GenericAvroSerde vs SpecificAvroSerde

Great thread including Andrew Almeida and @nbuesing on the difference between GenericAvroSerde and SpecificAvroSerde. I’ve had this same question in the past, so I figured this could be useful for posterity! Pulled from the Confluent Community Slack.

Andre Almeida Hi guys, having first steps in KafkaStreams (After doing a lot with ksql) and i have a noob question Whats the fundamental difference between GenericAvroSerde and SpecificAvroSerde. In which situation should each one be used?

Neil Buesing so this is all based on Avro have a generic record parser and a specific record parser. If you know your structure at the compile time of your kafka streams application, having POJOs that have been built from your avro definition will make the code you write in your application a lot cleaner. Less code like String foo = (String) record.get("field") ), stronger typed, but more coupled.Now if data structures are not known at compile time (e.g. ksqlDB for example) then you would need to use the generic record Avro, and then need the GenericAvroSerde.Also, If you are working with your kafka streams application with known data structures at the time you built your application, I strongly recommend using specific record parser; especially if you used logical types. Until recently GenericRecord would not apply the logical type converters. See pull 1762/63 as well.

DGS-785 Add logical type converter to Kafka avro serializer/deserializer (#17… by rayokota · Pull Request #1781 · confluentinc/schema-registry

Neil Buesing for 90% of the streams applications I have written where Avro was involved, I used specific-record Datum Reader and POJOs generated from gradle-avro-plugin. For applications that are configuration driven, I will use generic record. Along with the logical type concern — String types are also another concern Unless you know the magic avro setting GenericRecord will have strings as Utf8 objects (not Strings), but it does extend from Character Sequence.

GitHub - davidmc24/gradle-avro-plugin: A Gradle plugin to allow easily performing Java code generation for Apache Avro. It supports JSON schema declaration files, JSON protocol declaration files, and Avro IDL files.

Andre Almeida oh, great, i think now i understand how it works and the major difference between them.Thank you very much!!For my case, i think the best is, for now, Generic records because i want to read from topics where the schema is being managed by Kafka Conenctor itself (debezium)

Andre Almeida i really appreciate your awesome help!

Neil Buesing yes, generic would be very good for your use-case. Just keep in mind logical types. Decimals from the db can be tricky. Debezium allows you to say you want decimals as strings if that becomes problematic. I once did jdbc_source → generic → elastic sink and I told elastic since that the elastic index was pre-created so all decimals ended up as byte not converted from logical types…

Neil Buesing I am hopeful that the logical type support added to the Kafka Deserializer addresses that issue by applying them so GenericRecord actually has a BigDecimal (and not byte[ ]) but I haven’t tested that yet since that fix came after my involvement in that project.

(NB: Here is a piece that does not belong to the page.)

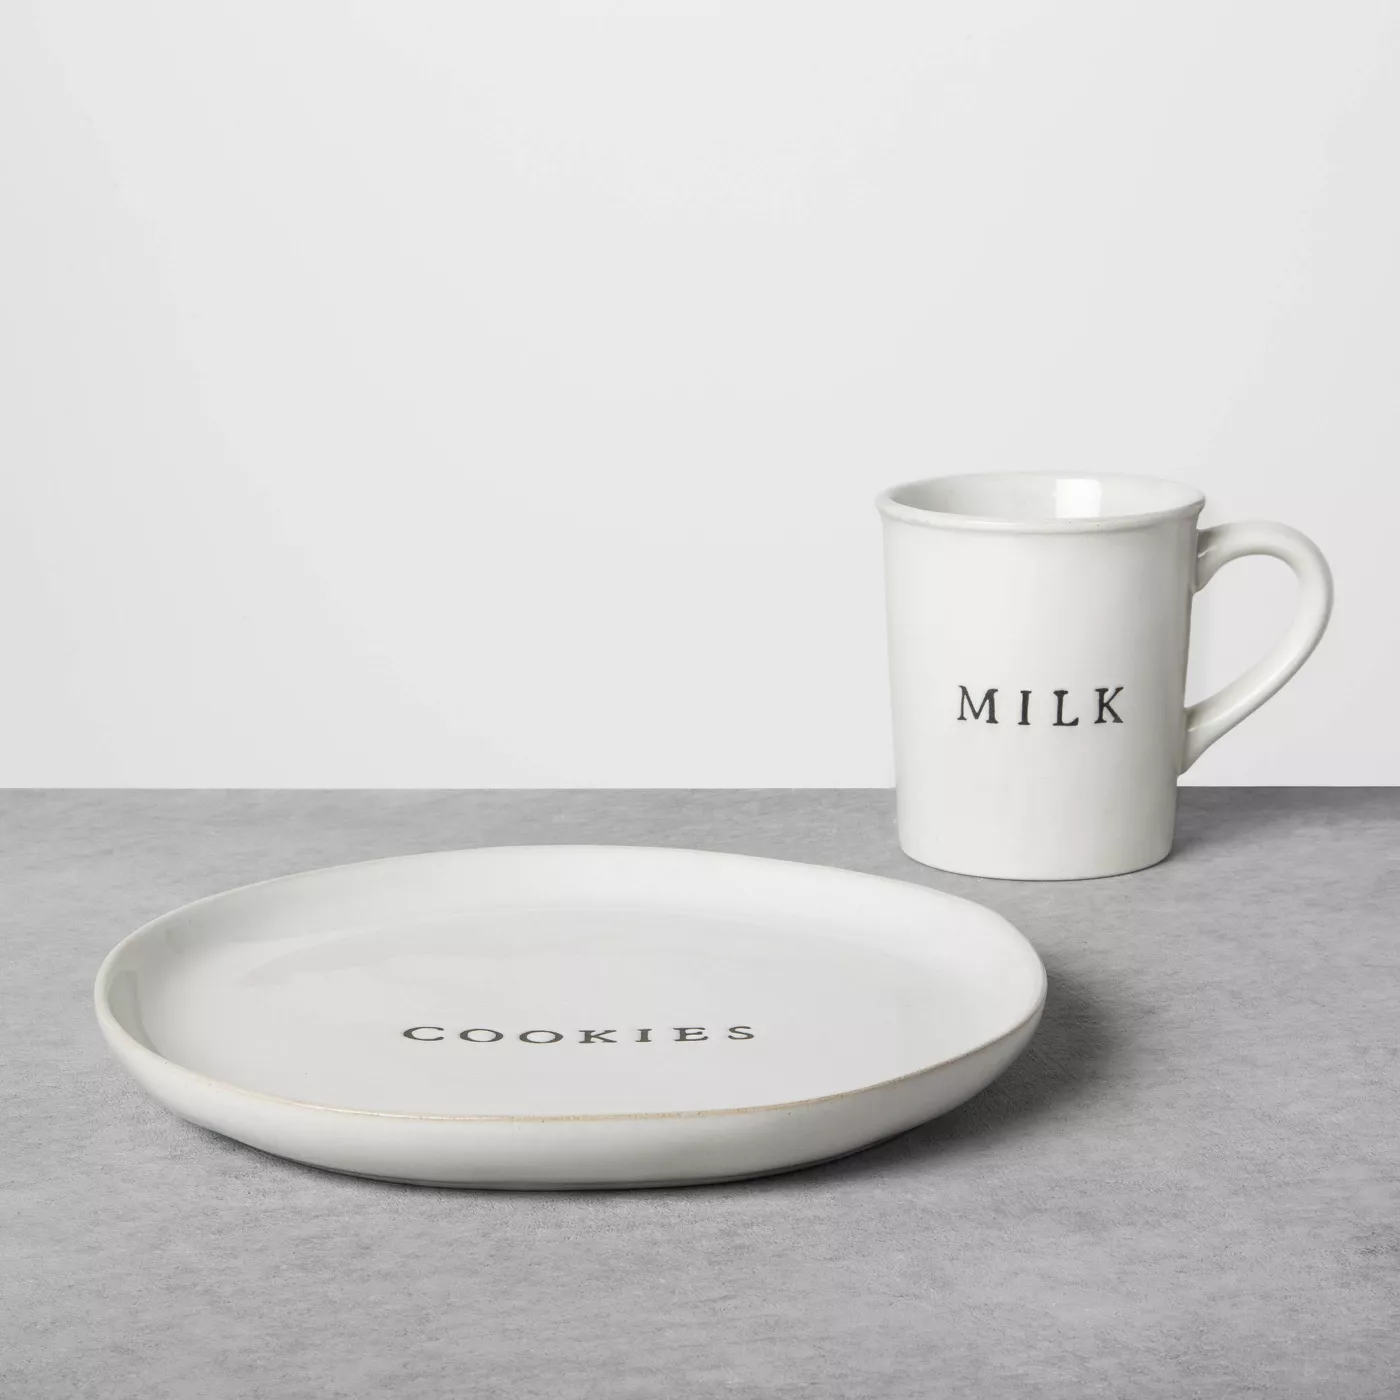 Cookie Plate & Milk Set Sour Cream - Hearth & Hand™ with Magnolia - image 1 of 2

Andre Almeida Yep, valid points you raised. But for now, I’m just trying to read from a topic and print it in the console, no luck so far, I got some deserializing errors, at least it’s what logs are telling me. But well, tomorrow it’s another day. Ty for you input


Fun fact, with Rust it’s almost the same, but in that case to get the ‘specific’ variant the user should issue an additional call, as we can’t use reflection there. Also the Rust Avro library had a bug so it didn’t work well with schema evolution, still trying to get the ‘specific’ variant if the schema had evolved. But a fix is almost merged, AVRO-3240: fix deserializer schema backward compatibility by ultrabug · Pull Request #1379 · apache/avro · GitHub. Also the Rust Avro library was recently moved to apache :raised_hands:.